Opekokew, who lived in a residential school for 11 years, noted a lot can be learned from the residential school hearings in Canada. She said the process showed “how vulnerable the claimants were with respect to participating in hearings and also with respect to their relationship with their lawyers.”

“This was one of the unusual situations where lawyers’ fees were going to be covered by the government and that’s why these cases were so popular for lawyers and so many things happened that were not correct as far as I’m concerned. I find that the contingency fees are the problem,” she said, noting people should read the LSO’s Guidelines for Aboriginal Residential School Claims.

Jacobs also witnessed the vulnerability of Indigenous people facing the legal system when she was advocating for murdered and missing Indigenous women and girls.
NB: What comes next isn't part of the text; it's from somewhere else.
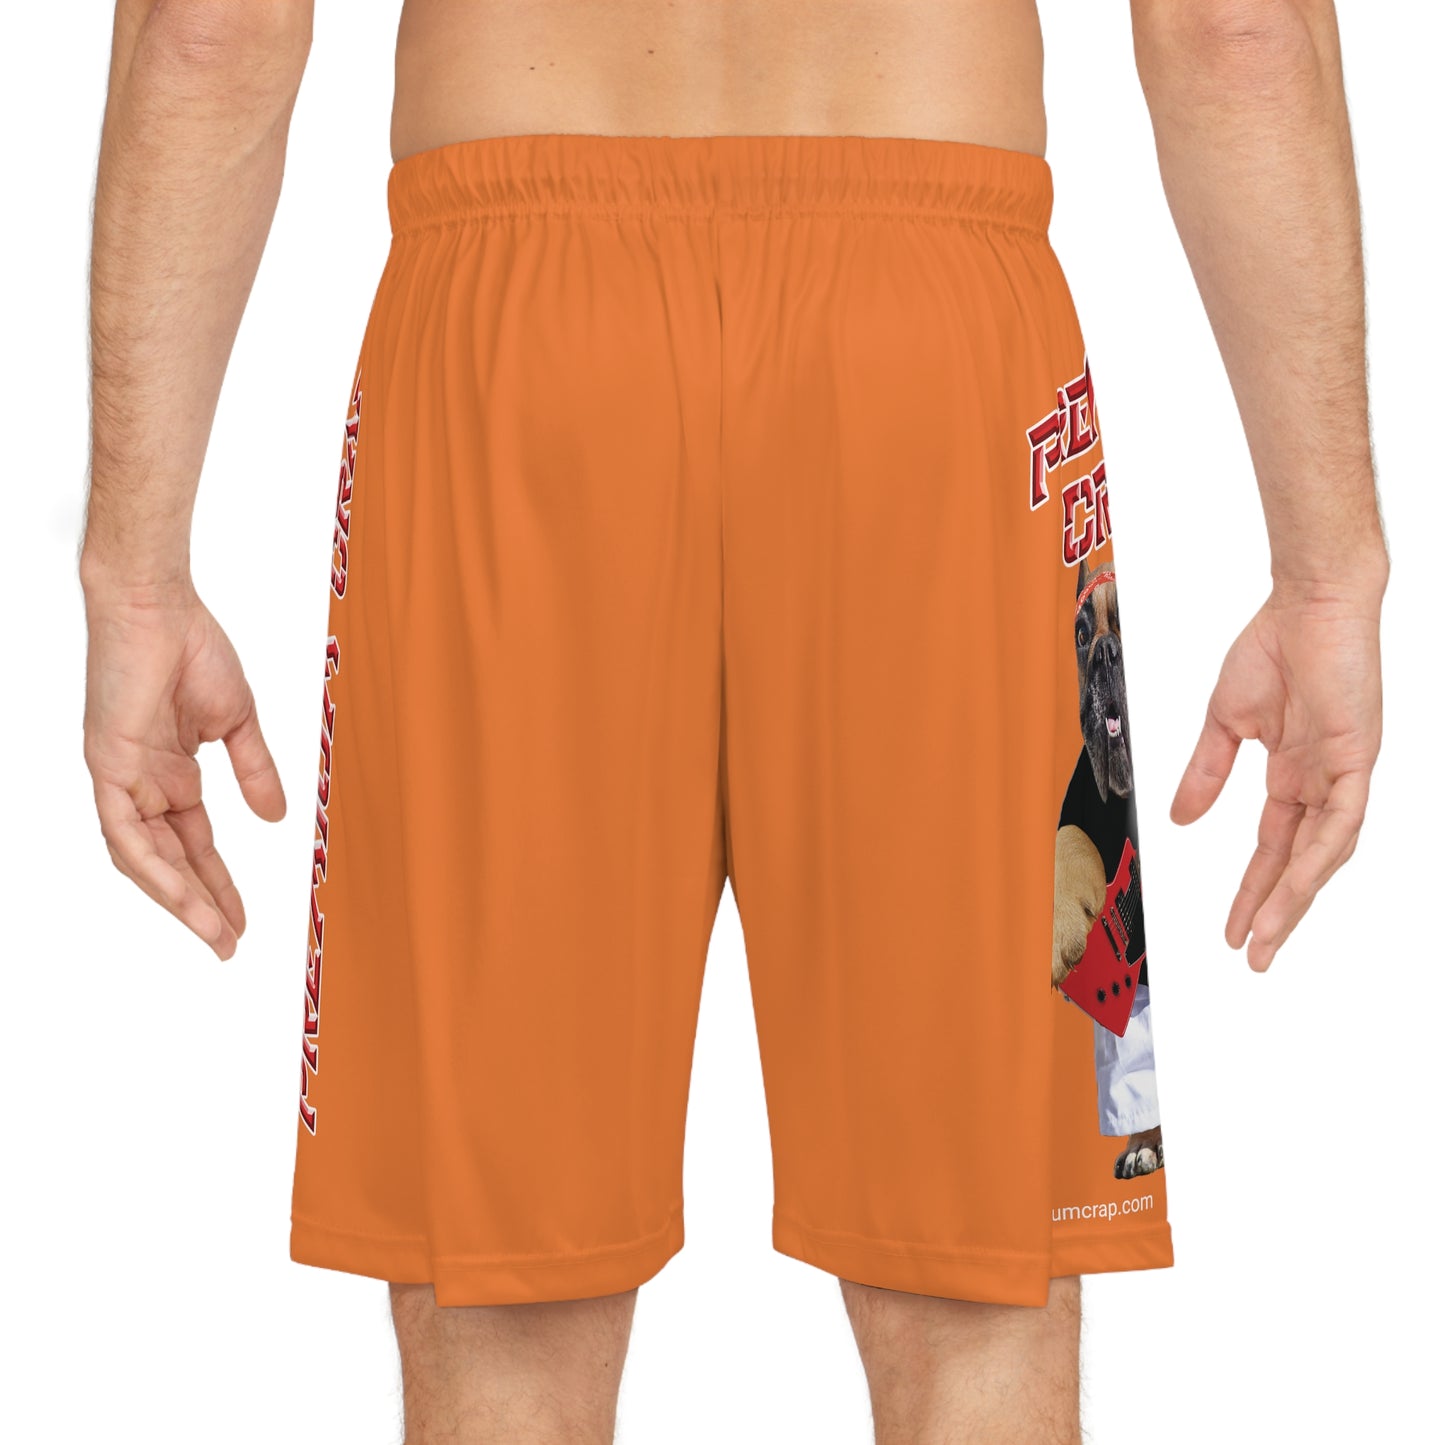 Premium Crap Basketball Shorts - Crusta

“Trying to work within a system that has no experience in identifying the real, on the ground, emotional, spiritual [impacts],” she said, stressing that families experience systemic issues “right from the get-go. Whether it was from policing and the fact that they [the police] were not listening to them, or the media with the fact that they were reporting stereotypes and racist responses, or not reporting at all.”

“I attended the [Robert] Pickton trial in Vancouver and that was probably the most horrific, disgusting responses to the families when they were dealing with, on a mass scale, the violence against Indigenous women,” she explained, adding the families had to go through a legal system that had “no understanding of their needs.”
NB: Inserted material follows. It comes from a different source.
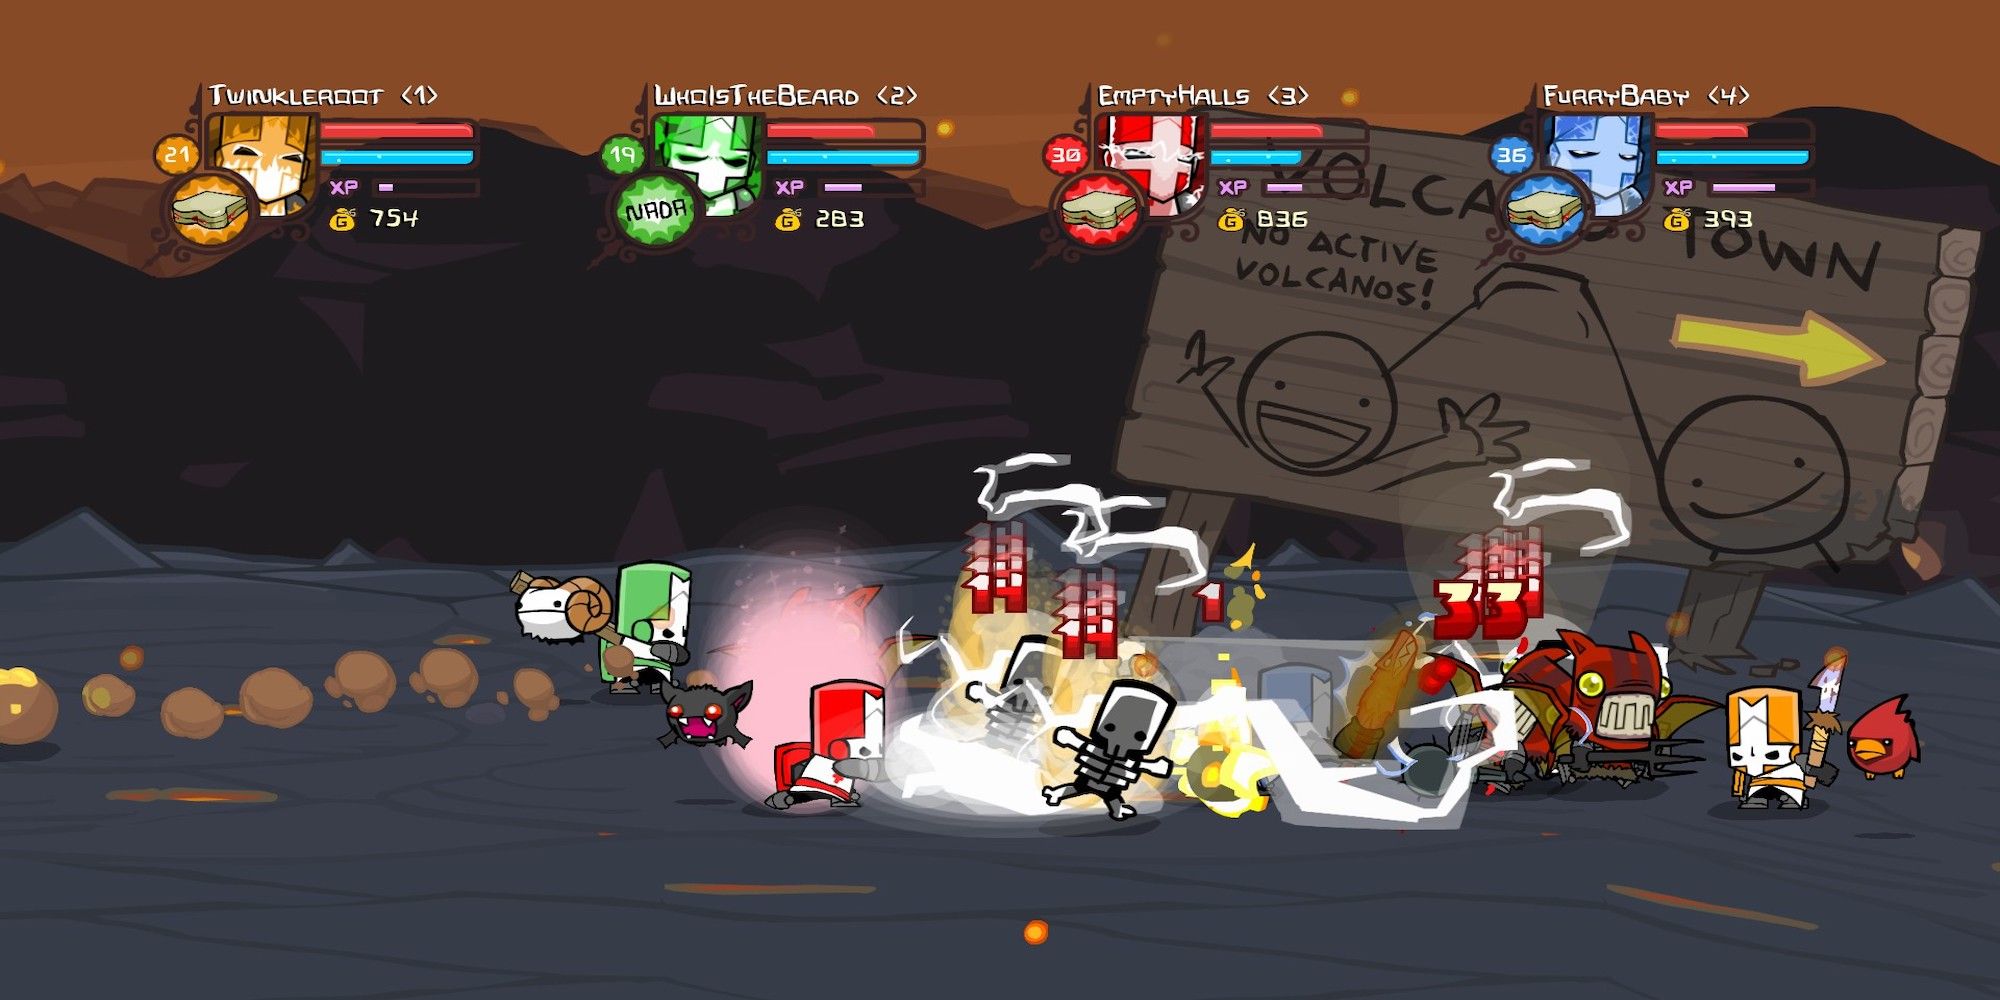 Fighting enemies in Castle Crashers

Jacobs made a recommendation that the National Inquiry into Missing and Murdered Indigenous Women and Girls (MMIWG) framework should be “culturally based and culturally safe, so that when our people are going through the system there are mechanisms in place in order for our people to feel safe.”
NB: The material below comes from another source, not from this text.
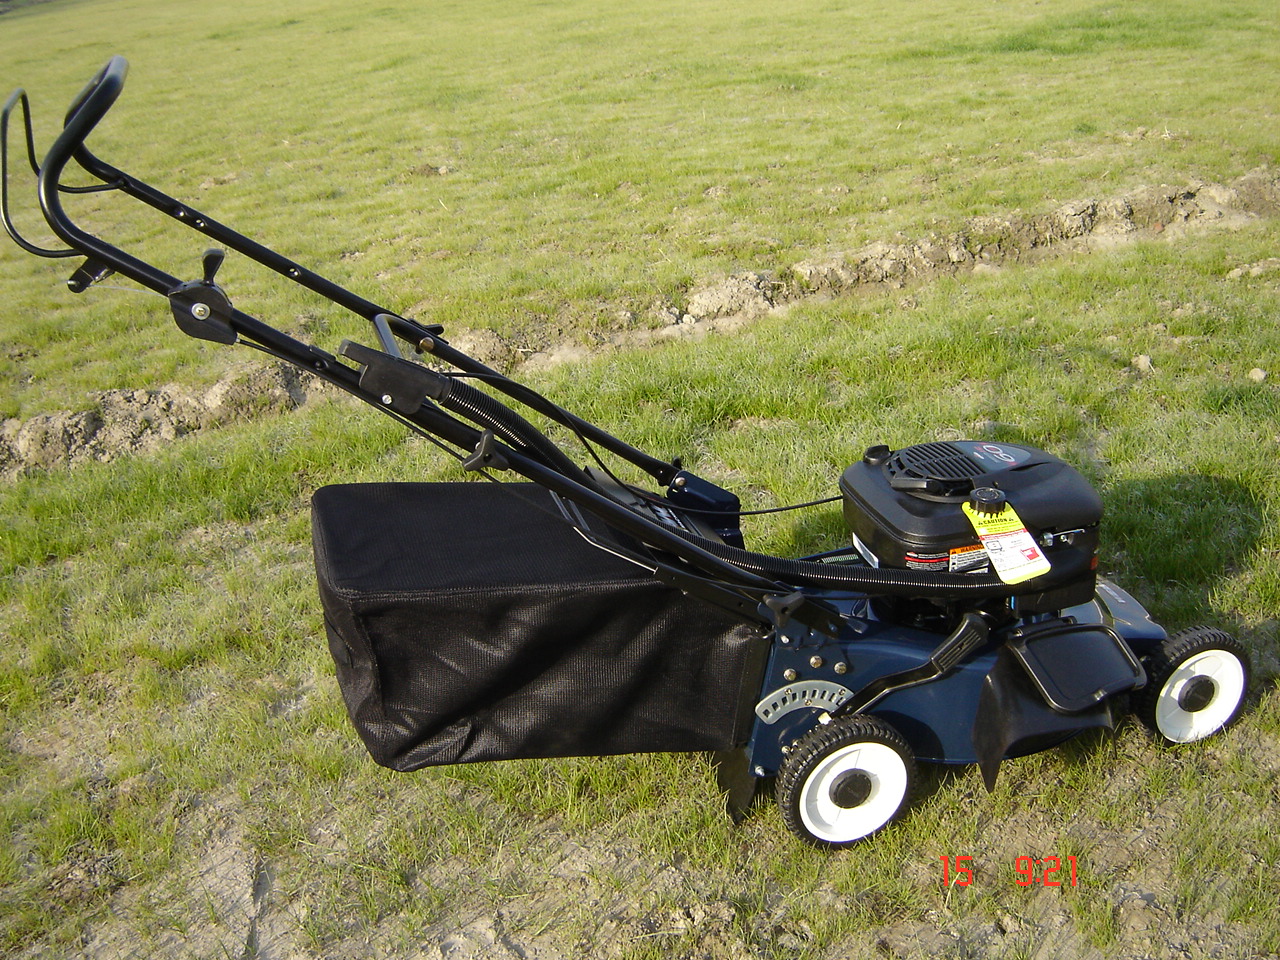 20" self propelled lawnmower(three functions in one)

However, she doesn’t believe that the MMIWG inquiry was culturally safe or trauma informed and noted that members of the Six Nations did not participate in the inquiry “because they didn’t feel that anything was built for them to be able to participate” in a safe way.

“There’s a purpose in being critical. The purpose in being critical is to bring attention to the issues that need to be addressed and to ensure that the safety of the survivors are a priority,” she stressed, noting that Indigenous women and girls are still murdered or go missing on a daily basis.

Corbiere asked the panel whether there was any research or innovations that are addressing the over-incarceration of Indigenous people and each mentioned at least one area in which they see progress.

Opekokew noted that the Restoule v. Canada (Attorney General) 2018 ONSC 7701 decision is “very important.”

“My understanding is it’s the first time that the Federal Court of Canada rules on interpretation [were used] and how to deal properly with First Nations,” she said, adding she was “so impressed” with the case and how the “judge understood Anishinaabe law” and participated in the smudging ceremony.

“We have now two Gladue courts in Ontario,” noted Justice O’Bonsawin, adding that she was sworn in on an eagle feather in Ottawa.

The judge believes being able to make an oath on an eagle feather is “very soothing for the people who appear before us and is a step in the right direction.”

She also directed attendees to read R. v. Armitage 2015 ONCJ 64, where Justice Shaun Nakatsuru compares the offender to a tree. She called the decision “poetic” and “a perfect application of Gladue principles by a judge in a matter.”

Jacobs noted that one area she sees successful change is in Indigenous legal orders being taught in law school.

“I’m now a professor of the law, being able to teach Indigenous legal orders as a mandatory course at the University of Windsor. So, all of the first years learn about Haudenosaunee law, Anishinaabe law and they’re learning Cree law from Haudenosaunee, Anishinaabe and Cree instructors. So that’s a success,” she said.